Grammy-winning rapper Macklemore joined President Barack Obama on Saturday for a candid conversation about addiction, days after the House of Representatives passed several bills to combat opioid abuse.

Speaking with Obama during his weekly address, the hip-hop artist opened up about his own experience with drug abuse.

President Obama and Macklemore.
President Obama and Macklemore.whitehouse.gov

"I’m here with President Obama because I take this personally," he said, according to prepared remarks from the weekly address transcript. "I abused prescription drugs and battled addiction. If I hadn’t gotten the help I needed when I needed it, I might not be here today."

Deaths from drug overdoses have tripled since 2000, and now take more lives every year than traffic accidents, according to the White House.

The issue has come to the forefront again with the death last month of music legend Prince, who was reportedly being treated for an addiction to painkillers before he collapsed at his Minnesota estate. A lawyer for the doctor who was supposed to meet with Prince before he died said the doctor's son had brought buprenorphine to the home, used to help opioid addicts withdraw from painkillers.

An autopsy was performed on Prince, but a cause of death has not been released.

Obama said during his address that often, drug overdoses are from legal drugs prescribed by a doctor.

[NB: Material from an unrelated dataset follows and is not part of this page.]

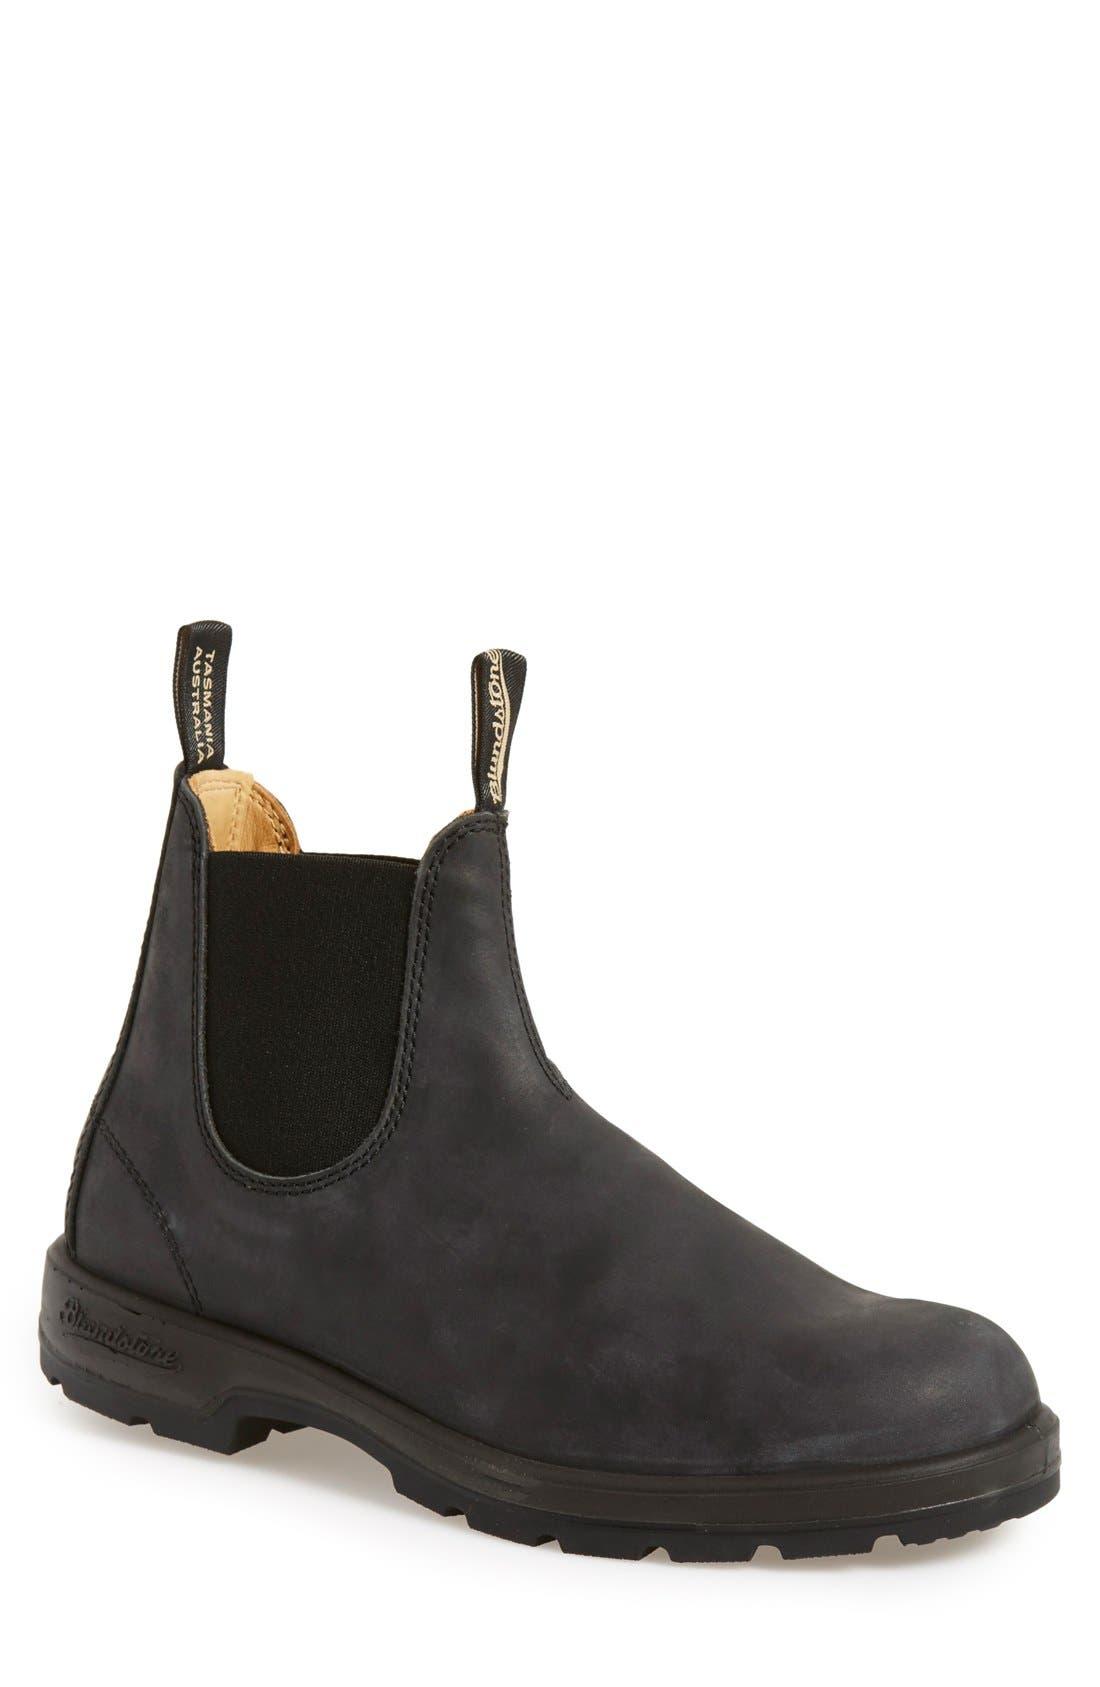 Footwear Chelsea Boot,                             Main thumbnail 1, color,                             RUSTIC BLACK

"So addiction doesn’t always start in some dark alley — it often starts in a medicine cabinet," he added.

Macklemore, 32, whose real name is Ben Haggerty and who is best known for his 2013 collaboration, "Thrift Shop," with producer Ryan Lewis, said a friend of his died at age 21 after overdosing on painkillers.

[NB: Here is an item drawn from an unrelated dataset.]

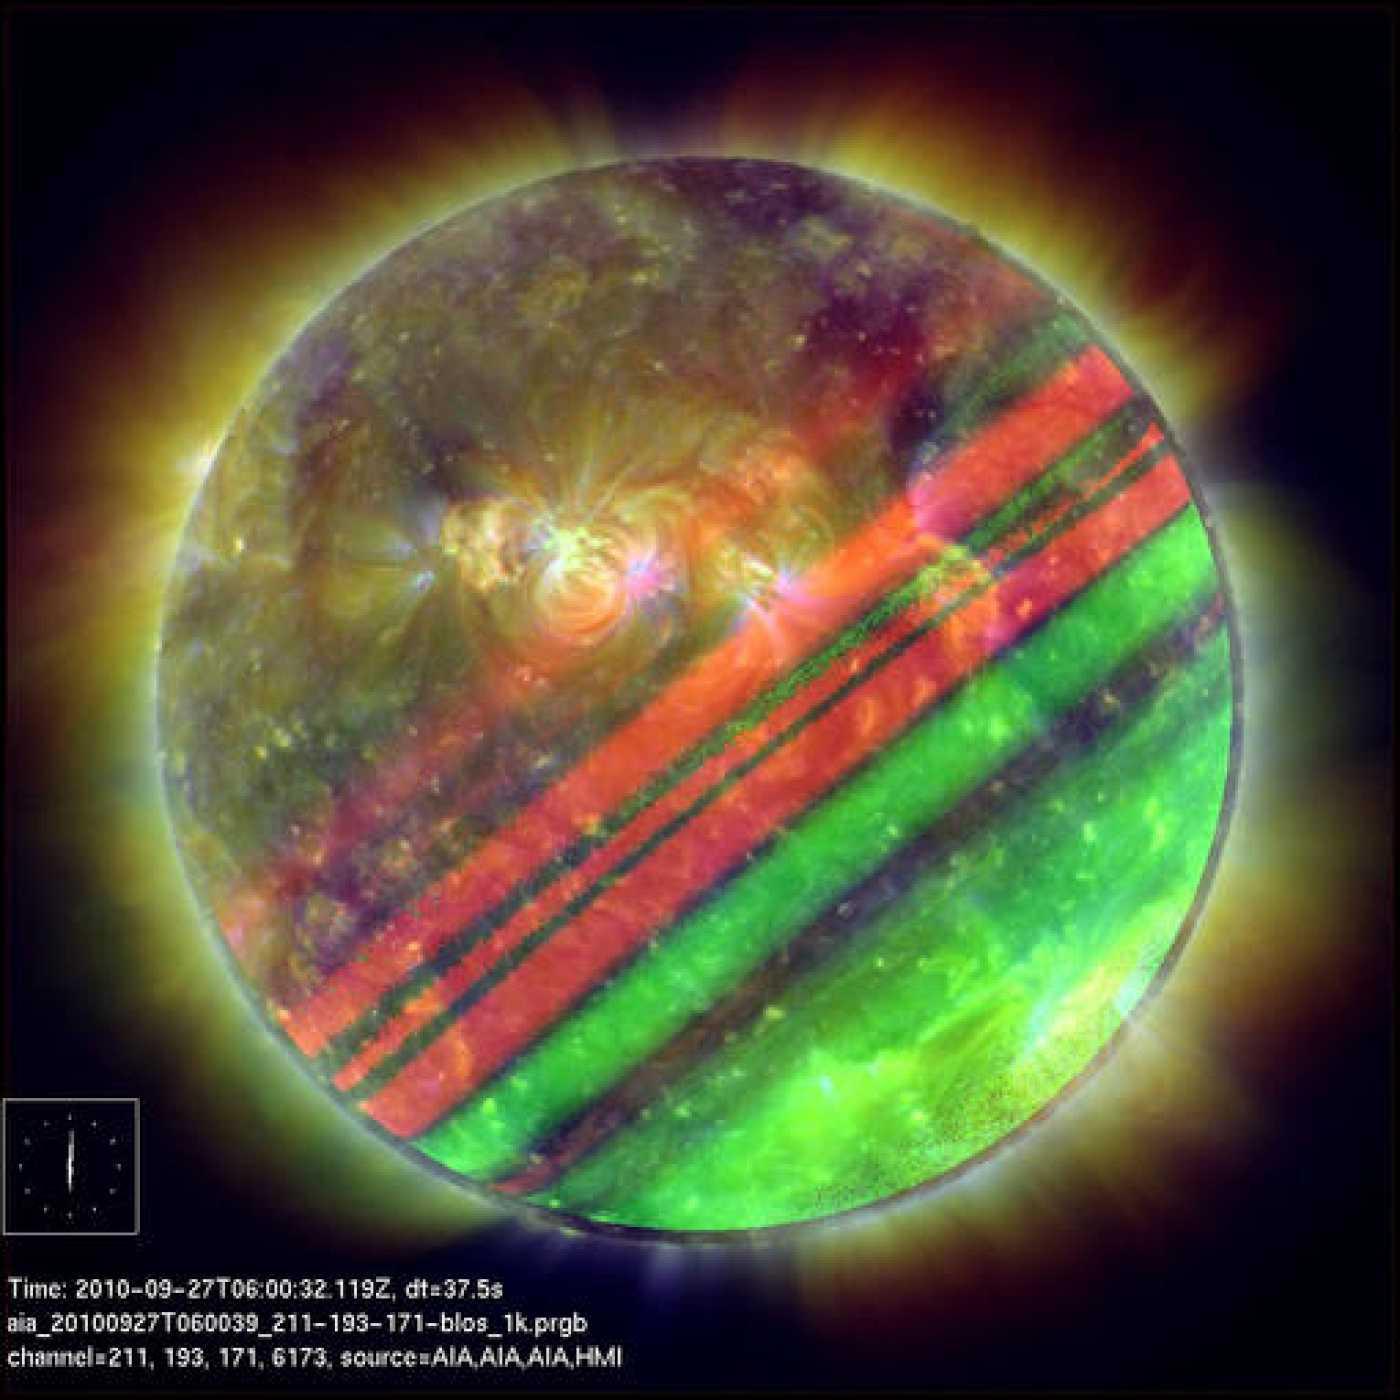 El Sol-Júpiter, una imagen captada por el Observatorio de Dinámicas Solares (SDO) durante el eclipse con la Tierra.

Treatment and a 12-step program saved his own life, Macklemore said.

" We have to tell people who need help that it’s OK to ask for it. We’ve got to make sure they know where to get it," he added.

The discussion comes on the heels of a flurry of legislation passed by the House to help states pay for addiction prevention and treatment. A bill passed Thursday would authorize $103 million a year, but wouldn't actually provide the cash — a point the Obama administration took issue with.

“These trends will not change by simply authorizing new grant programs, studies and reports,” the administration said, referring to the more than 28,000 Americans who died in 2014 from opioid overdoses — the highest level ever, according to the Centers for Disease Control and Prevention.

The House also voted Wednesday to pass a bill that would require a new task force to review best practices for pain management and prescribing pain medicine.

The bills don't go far enough, Obama reiterated in his address.

"Unless they also make actual investments in more treatment, it won’t get Americans the help they need," he said.

More from Macklemore and Obama's conversation on opioid abuse will air in an MTV documentary on addiction this summer.